A sequence a is a subarray of a sequence b if a can be obtained from b by deletion of several (possibly, zero or all) elements from the beginning and several (possibly, zero or all) elements from the end.

Can you tell Moamen if there is a way to sort the array in non-decreasing order using the operations written above?

Input
The first line contains a single integer t (1≤t≤103) — the number of test cases. The description of the test cases follows.

The first line of each test case contains two integers n and k (1≤k≤n≤105).

The second line contains n integers a1,a2,…,an (0≤|ai|≤109). It is guaranteed that all numbers are distinct.

It is guaranteed that the sum of n over all test cases does not exceed 3⋅105.

Output
For each test case, you should output a single string.

If Moamen can sort the array in non-decreasing order, output “YES” (without quotes). Otherwise, output “NO” (without quotes).

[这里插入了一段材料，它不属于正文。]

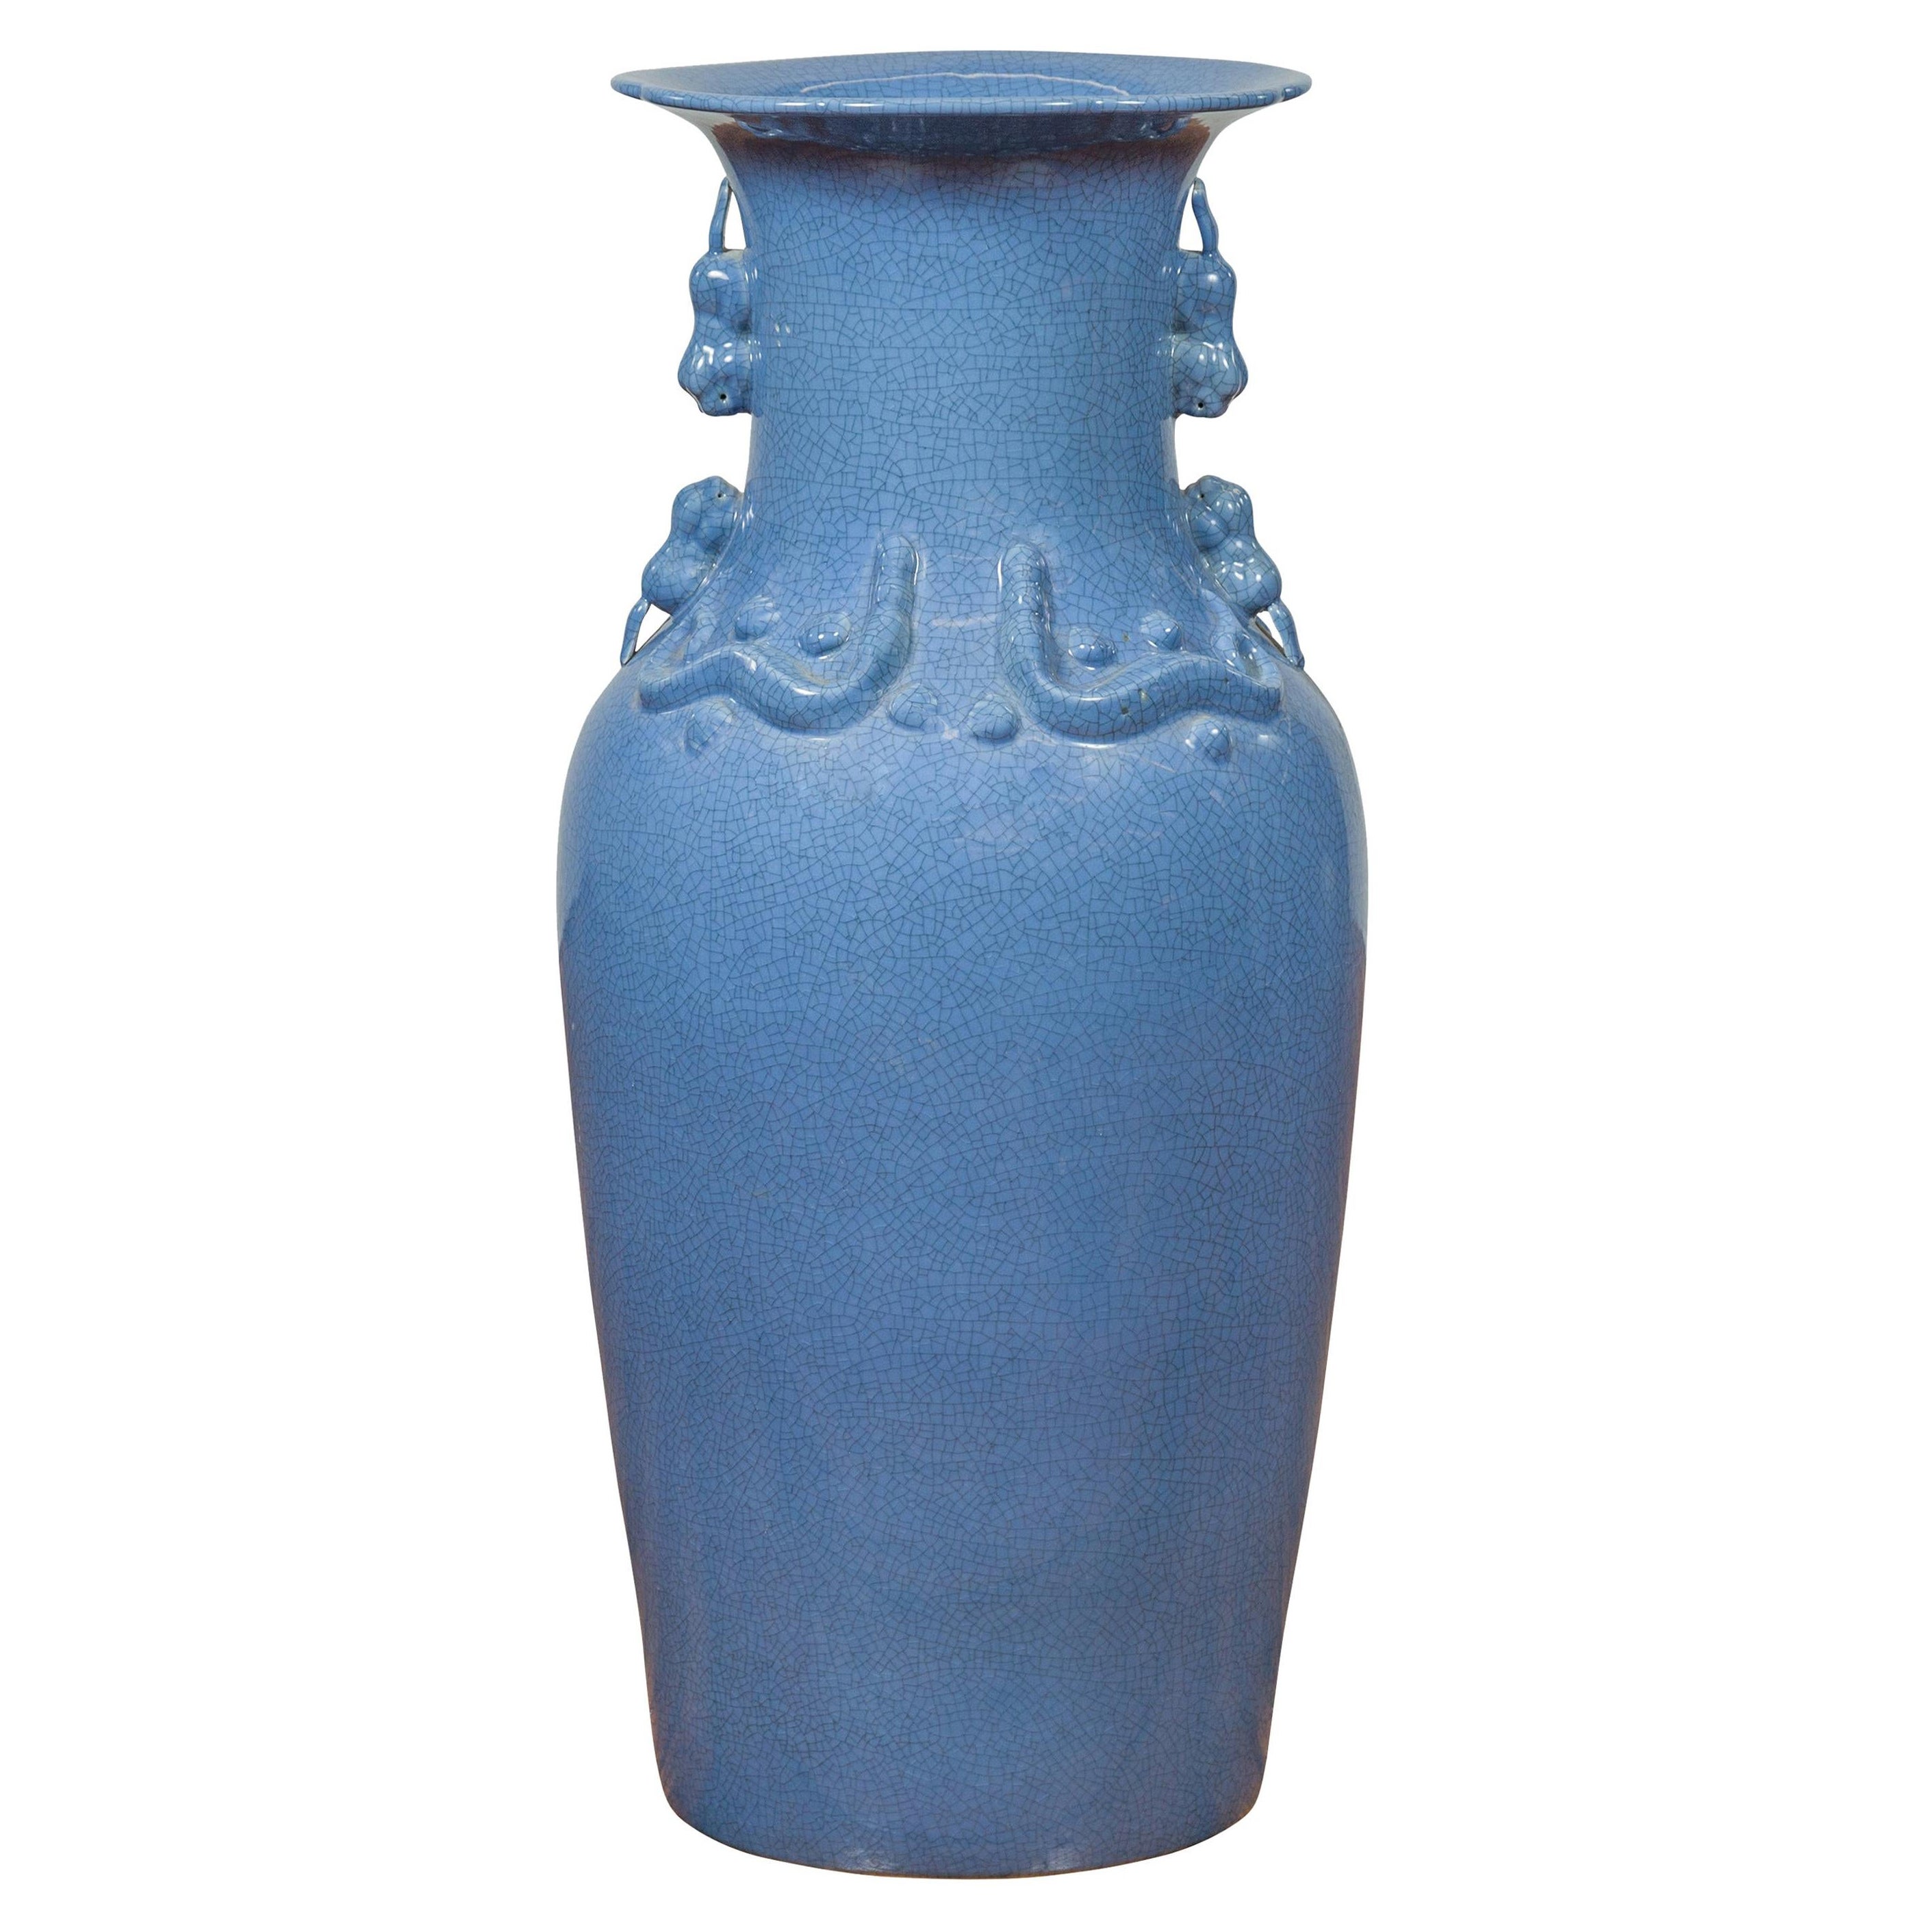 Ceremonial Altar Vase with Crackled Blue Glaze and Decorative Motifs For Sale

You can print each letter of “YES” and “NO” in any case (upper or lower).

Example
inputCopy
3
5 4
6 3 4 2 1
4 2
1 -4 0 -2
5 1
1 2 3 4 5
outputCopy
Yes
No
Yes
Note
In the first test case, a=[6,3,4,2,1], and k=4, so we can do the operations as follows:

Split a into {[6],[3,4],[2],[1]}.
Reorder them: {[1],[2],[3,4],[6]}.
Merge them: [1,2,3,4,6], so now the array is sorted.
In the second test case, there is no way to sort the array by splitting it into only 2 subarrays.

As an example, if we split it into {[1,−4],[0,−2]}, we can reorder them into {[1,−4],[0,−2]} or {[0,−2],[1,−4]}. However, after merging the subarrays, it is impossible to get a sorted array.

solution

题意：

• 给出一个长为n的序列，将其分成k段连续的子数组，对这k段任意排序，求能否令原序列有序。

思路：

• 考虑先记录原序列中每个值所在的位置，对原序列排序得到正确的序列，扫一遍正确的序列，对于当前值，如果它原先不在正确的位置上，那么去原序列找到他的位置，判断它后面的数有几个是可以连在当前的块上的，统计个数即可。

#include<bits/stdc++.h>
using namespace std;
const int maxn = 2e5+10;
int a[maxn], b[maxn];
int main(){
	ios::sync_with_stdio(0),cin.tie(0),cout.tie(0);
	int T;  cin>>T;
	while(T--){
		int n, k;  cin>>n>>k;
		map<int,int>ma;
		for(int i = 1; i <= n; i++)cin>>a[i], b[i]=a[i], ma[a[i]]=i;
		sort(b+1,b+n+1);
		int cnt = 0;
		for(int i = 1; i <= n; i++){
			cnt++;
			int j = ma[b[i]];
			for(; j+1 <= n; j++){
				if(b[i+1]==a[j+1])i++;
				else break;
			}
		}
		if(cnt<=k)cout<<"Yes\\n";
		else cout<<"No\\n";
	}
	return 0;
}